Era la primera vez que escuchaba este bolero; aunque, de ningún modo, sería la última. A partir de entonces, se hizo más frecuente el que en las ondas de las emisoras de radio se lanzara la cálida y sensual voz de un cantante de jazz, Nat King Cole, que había grabado un disco en español y en el que se encontraba esta canción.
Pasado el tiempo, uno comenzó a tener más informaciones, tanto de su autor, el venezolano Chelique (José Enrique) Sarabia, como de quien con su voz la hizo tremendamente popular en nuestro país.
Quien la cantaba, Nathaniel Adams Coles, que ese era su nombre de pila, había nacido en 1919 en la ciudad de Montgomery, Alabama. Su vida fue muy breve, pues solo alcanzó los 45 años; es decir, cuando yo llegaba a los dieciséis años su vida se extinguió. De todos modos, su legado musical fue muy extenso. Curiosamente, no sabía hablar español, por lo que tenía que ir aprendiendo a pronunciar cada frase que aparece en las letras de las canciones que había grabado en nuestro idioma.
Me queda por hablar algo de Jaime Gil de Biedma (1919-1990). No descubro nada si digo de él que es uno de los mejores poetas españoles del siglo pasado, al que se le suele incluir en la Generación del 50. Y si le traigo en esta ocasión se debe a que su poema No volveré a ser joven, que se encuentra en la obra Poemas póstumos publicada en 1968, me sirvió hace bastantes años para realizar el diseño de la portada de la revista Navalá que iba a estar dedicada a este poeta. Esto quiere decir que esos versos, cargados de melancolía y decepción, han estado en mi memoria durante mucho tiempo.
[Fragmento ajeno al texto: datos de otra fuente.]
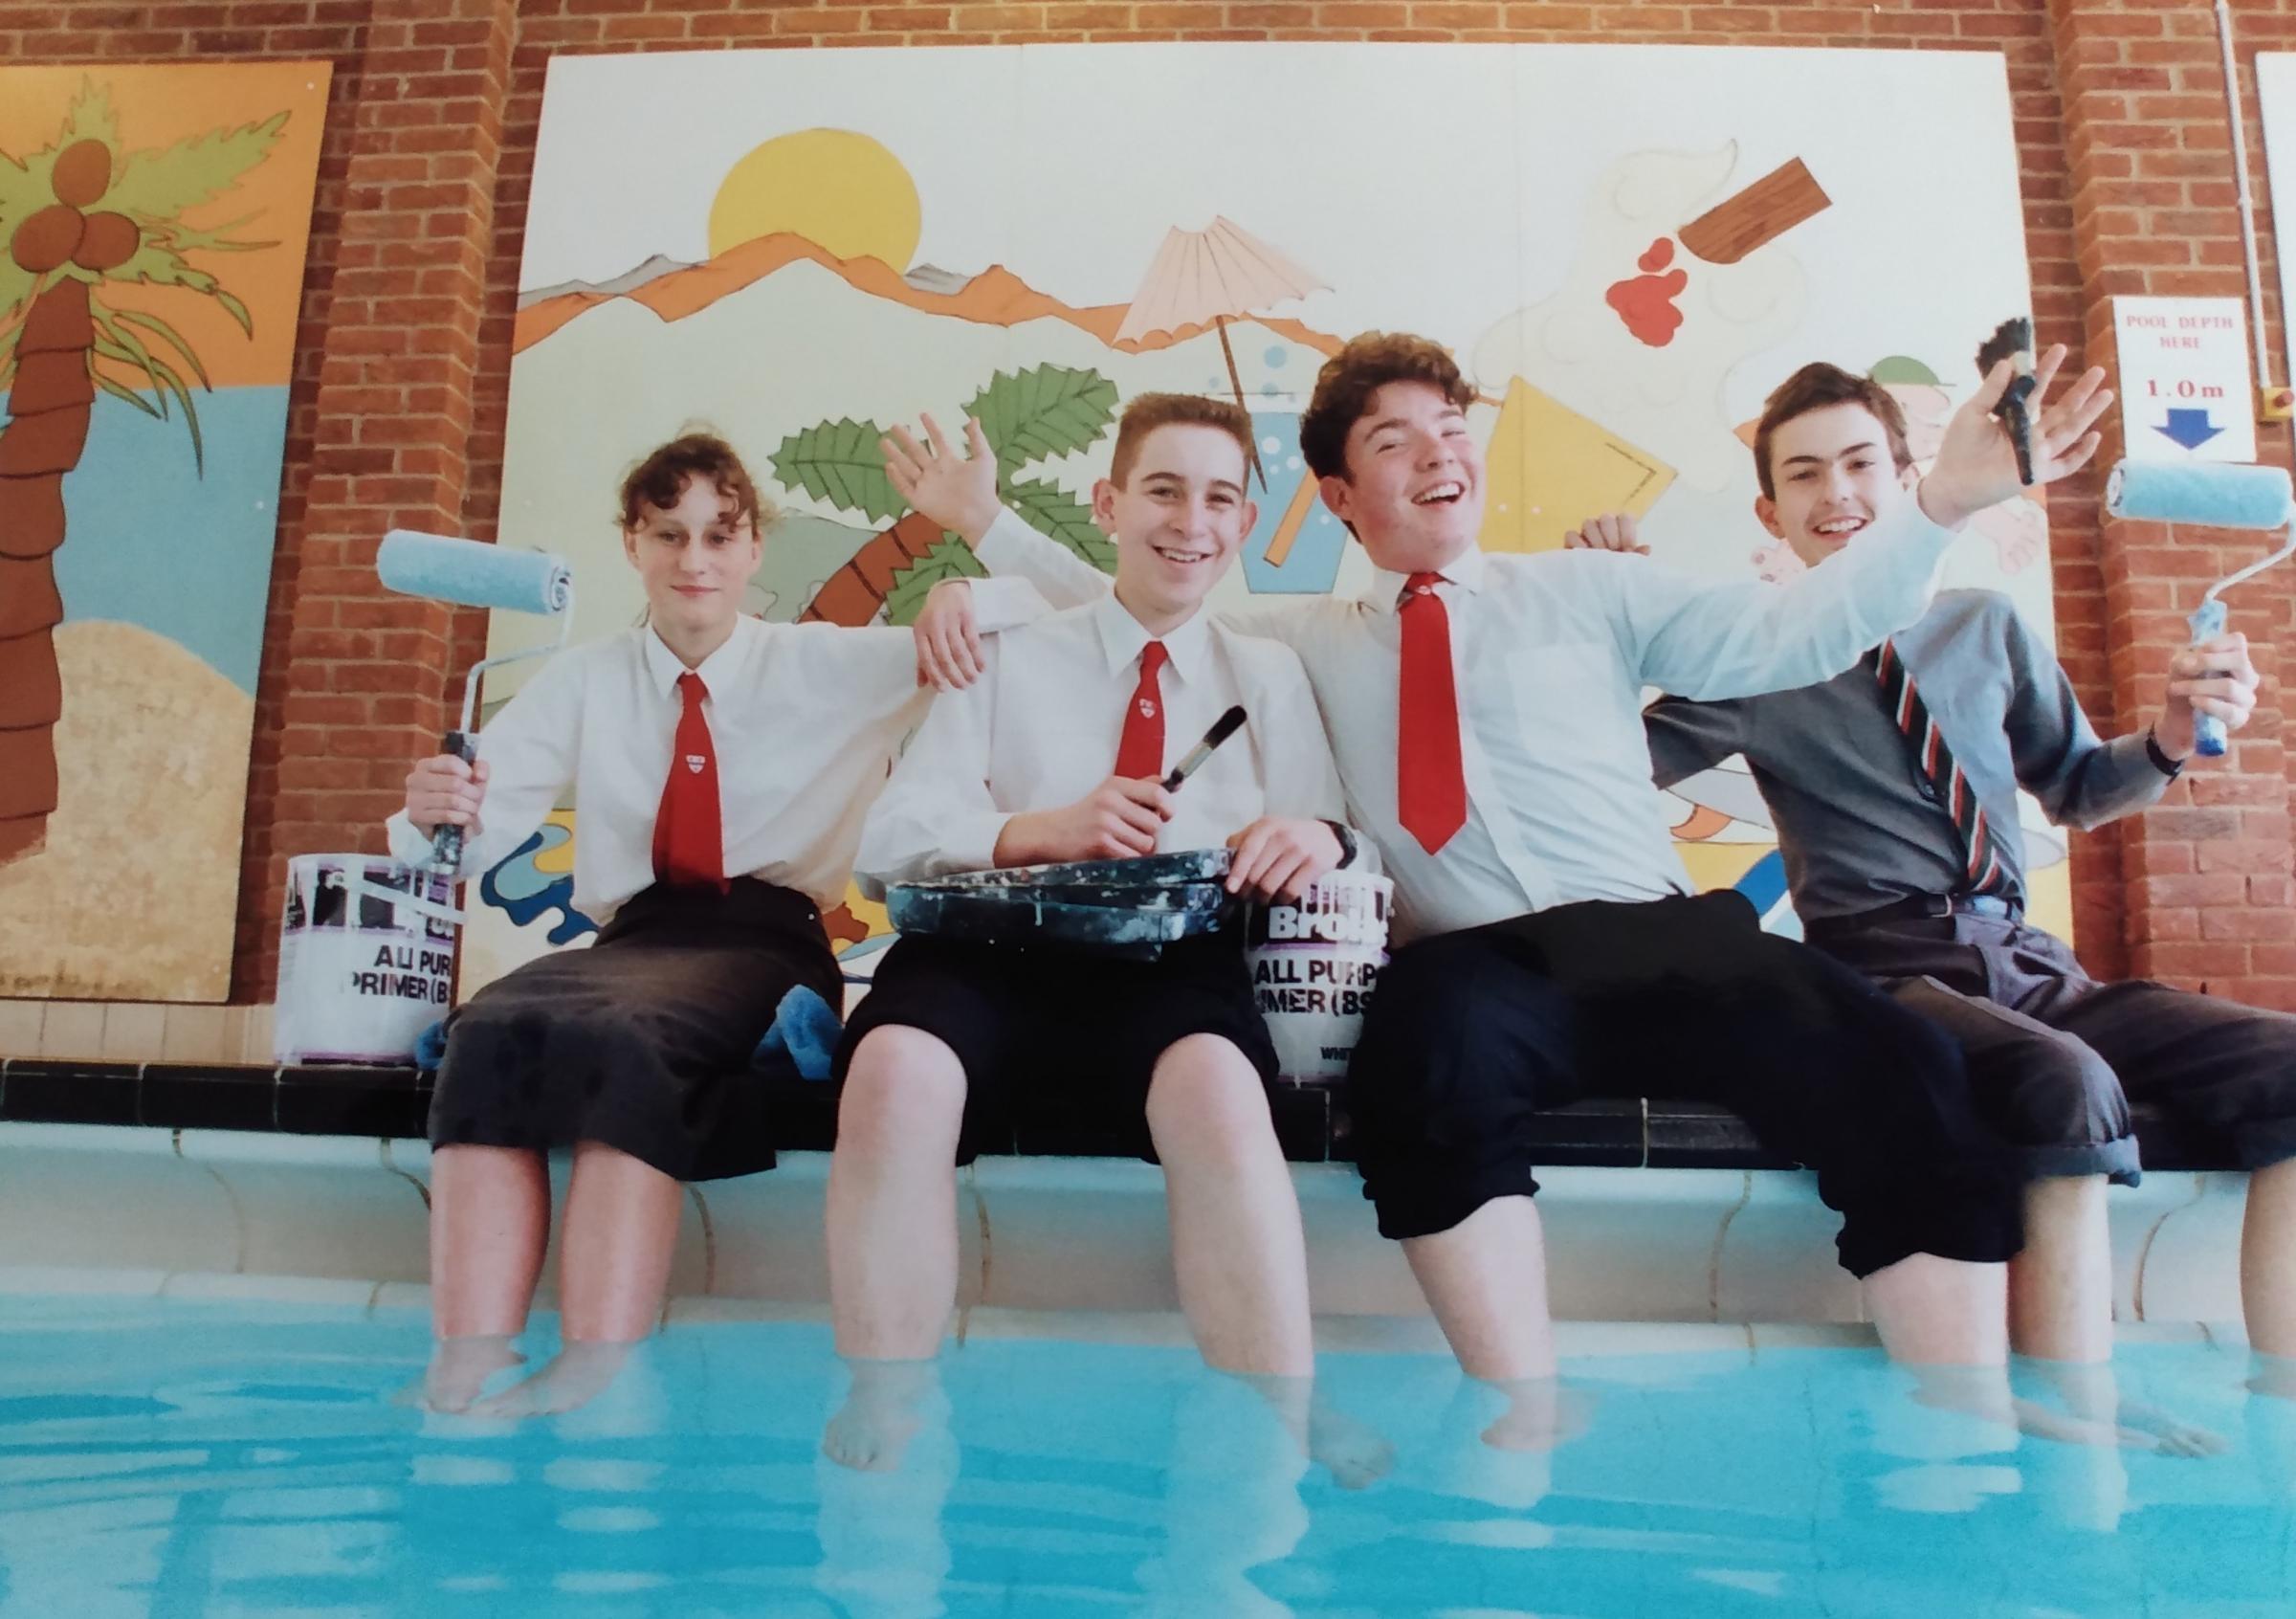 February 1993 and four Nunnery Wood pupils brightened up the walls at Worcester Swimming Pool in Sansome Walk. From left, Nicola Sprague, Adam Kenney, Barry Harker and Richard Hencher

Dicen así:
Que la vida iba en serio
uno lo empieza a comprender más tarde
–como todos los jóvenes, yo vine
a llevarme la vida por delante.
Dejar huella quería
y marcharme entre aplausos
–envejecer, morir, eran tan sólo
las dimensiones del teatro.
Pero ha pasado el tiempo
y la verdad desagradable asoma:
–envejecer, morir,
es el único argumento de la obra.
Una vez que hayamos leído este intenso poema, creo que sobran las demás palabras que yo pudiera añadirle.